Indifference
After resisting it for a long time, tonight I finally got around to looking up the official meaning of the often-used word or term or whatever it is that is spelled "meh" and that you regularly see on the Internet. I saw looking it up as being an onerous task, even if it only involved typing a few words on Google and clicking twice. It was onerous because I had thought I should've long since been able to figure out that meaning merely by noting the context in which "meh" is used. After all, that's how I learned the meanings of all but a very tiny percentage of all the words that I know. And after close to 75 years of the uninterrupted reading of each and every thing with letters that happened to catch my eye, by now the number of those words must amount to many, many thousands, even though, due to advanced age, so many are now leaking back out of my cranium, slowly but still considerably faster than I can pick up new ones.

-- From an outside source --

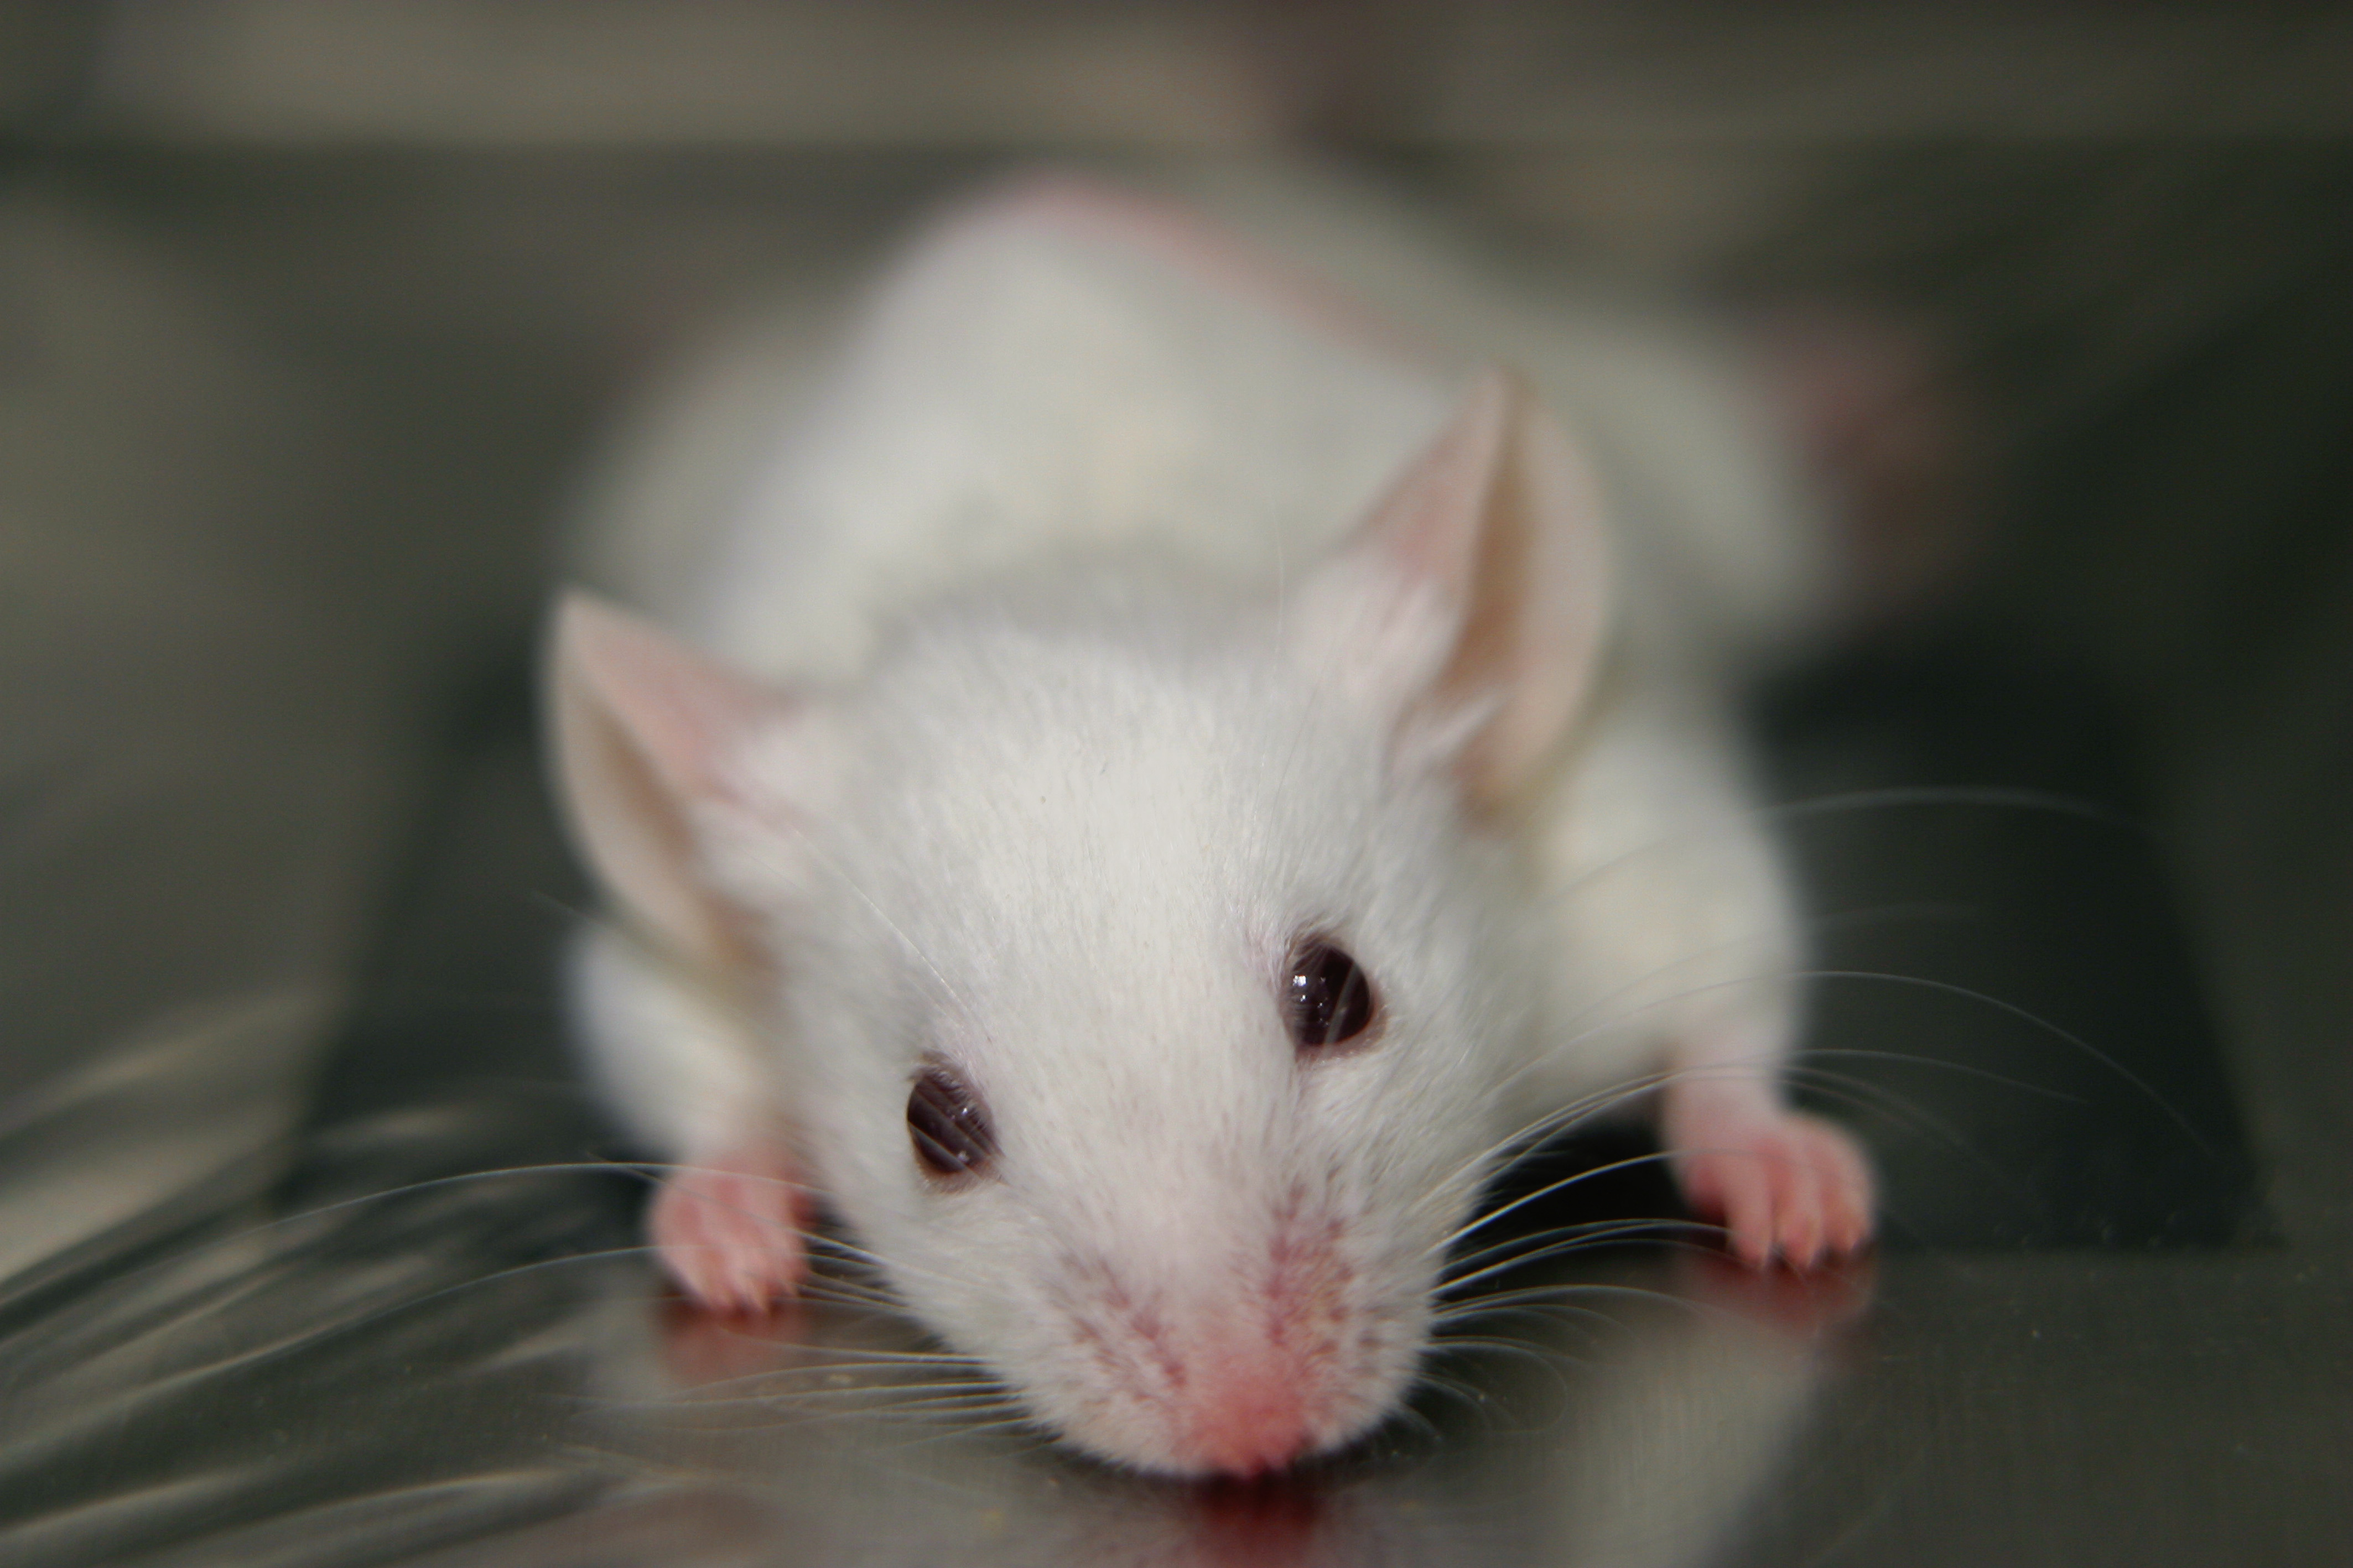 Az USA-ban leállnak az egyéb kutatások a koronavírus miatt, ezrével ölik meg a kísérleti egereket

But the trouble with "meh" was that I saw it used in so many different contexts that it was impossible to find it used in enough of the same ways to give it not merely one consistent meaning but also any meaning at all. And that had started leading me to thinking that all these Internet types who are plainly so much more hip and informed on presentday things than I am, actually don't know what "meh" really means anymore than I do, and that instead they just throw it in for effect, knowing that they won't be called out on it because everybody else is just as much in the dark as they are, and that it's really only the appearance of things that matters anyway, as they long ago learned from having mastered the art of snowing their college professors on essay exams.
Google's first offering, a site called "Internet Slang," which, due to reluctance to spend my time searching for anything better, I am taking to be an authority on such matters, gives the official meaning of "meh" as "indifference, equivalent to a shoulder shrug."

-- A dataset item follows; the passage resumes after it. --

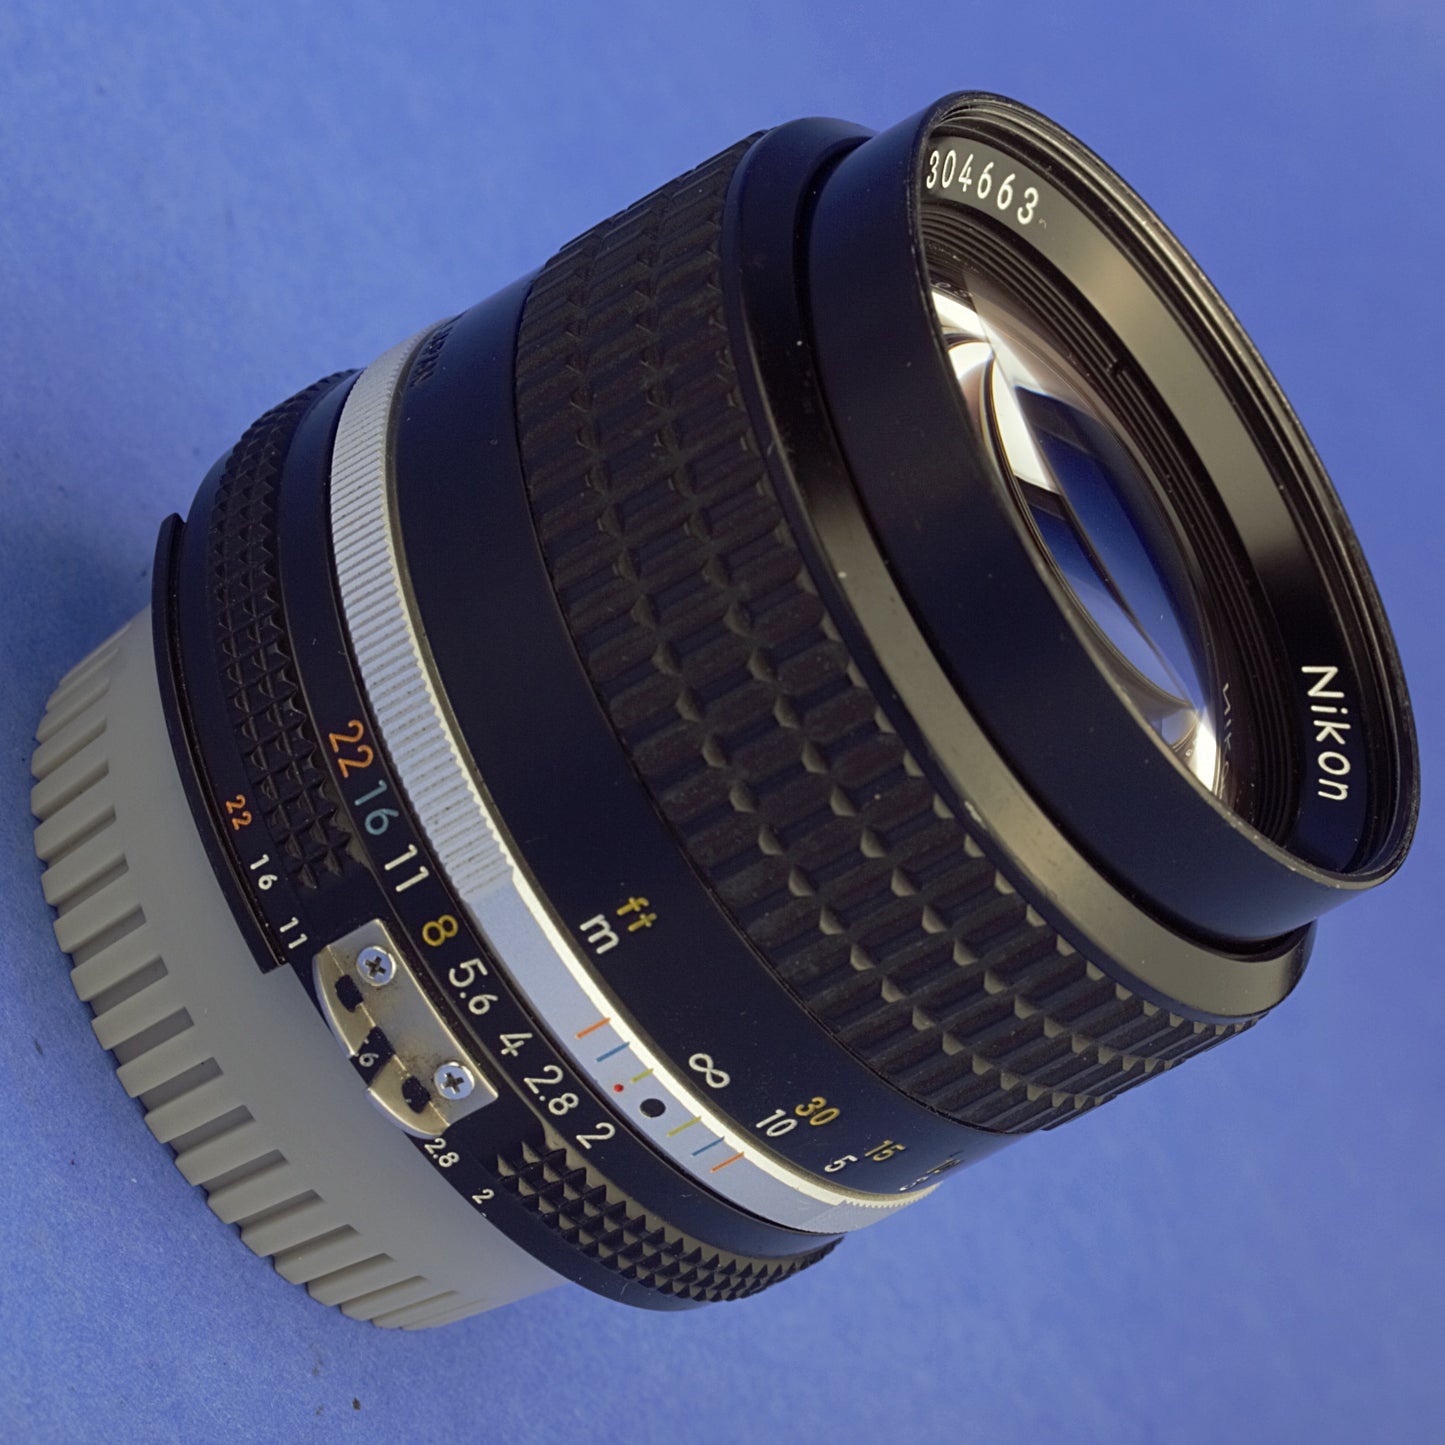 Nikon Nikkor 85mm F2 Ai-S Lens

So there you have it, as Mark Twain would've said. --Or do you?
That definition didn't leave me a bit more satisfied than before, mainly because I couldn't and still can't relate it to anything. You know, something tangible, like a good ol' abbreviation. By contrast, one need not feel uncomfortable when faced with seeing "imho," because at least that's susceptible to the easily remembered expression, "in my humble opinion." "Meh" doesn't succumb to any abbreviation relating to a shrug or anything else, as far as I am still able to perceive.
That leads to the addtional problem of shrugs themselves. I have never been into them. After heavy reflection on the matter, I'm certain that I don't even know how to shrug, with my shoulders or any other part of me -- that is, unless you want to include slightly holding out both my palms, with my arms slightly akimbo. But now that I think about it, I suspect that I've imagined doing that much more than I've actually done it, which could be never. When faced with situations that call for shrugging, my reaction, at best, is always only a blank stare accompanied by a grin, as I wait for that moment of nonsense to wend its way on into the oblivion where it belongs.
However, I have said, once or twice, "Lots of luck!" Maybe that's as good a real life physical equivalent of including "meh" in one's Internet text as any.
But the trouble with "meh" was that I saw it used in so many different contexts that it was impossible to find it used in enough of the same ways to give it not merely one consistent meaning but also any meaning at all. And that had started leading me to thinking that all these Internet types who are plainly so much more hip and informed on presentday things than I am, actually don't know what "meh" really means anymore than I do, and that instead they just throw it in for effect, knowing that they won't be called out on it because everybody else is just as much in the dark as they are, and that it's really only the appearance of things that matters anyway, as they long ago learned from having mastered the art of snowing their college professors on essay exams.
Google's first offering, a site called "Internet Slang," which, due to reluctance to spend my time searching for anything better, I am taking to be an authority on such matters, gives the official meaning of "meh" as "indifference, equivalent to a shoulder shrug."
So there you have it, as Mark Twain would've said. --Or do you?
That definition didn't leave me a bit more satisfied than before, mainly because I couldn't and still can't relate it to anything. You know, something tangible, like a good ol' abbreviation. By contrast, one need not feel uncomfortable when faced with seeing "imho," because at least that's susceptible to the easily remembered expression, "in my humble opinion." "Meh" doesn't succumb to any abbreviation relating to a shrug or anything else, as far as I am still able to perceive.
That leads to the addtional problem of shrugs themselves. I have never been into them. After heavy reflection on the matter, I'm certain that I don't even know how to shrug, with my shoulders or any other part of me -- that is, unless you want to include slightly holding out both my palms, with my arms slightly akimbo. But now that I think about it, I suspect that I've imagined doing that much more than I've actually done it, which could be never. When faced with situations that call for shrugging, my reaction, at best, is always only a blank stare accompanied by a grin, as I wait for that moment of nonsense to wend its way on into the oblivion where it belongs.
However, I have said, once or twice, "Lots of luck!" Maybe that's as good a real life physical equivalent of including "meh" in one's Internet text as any.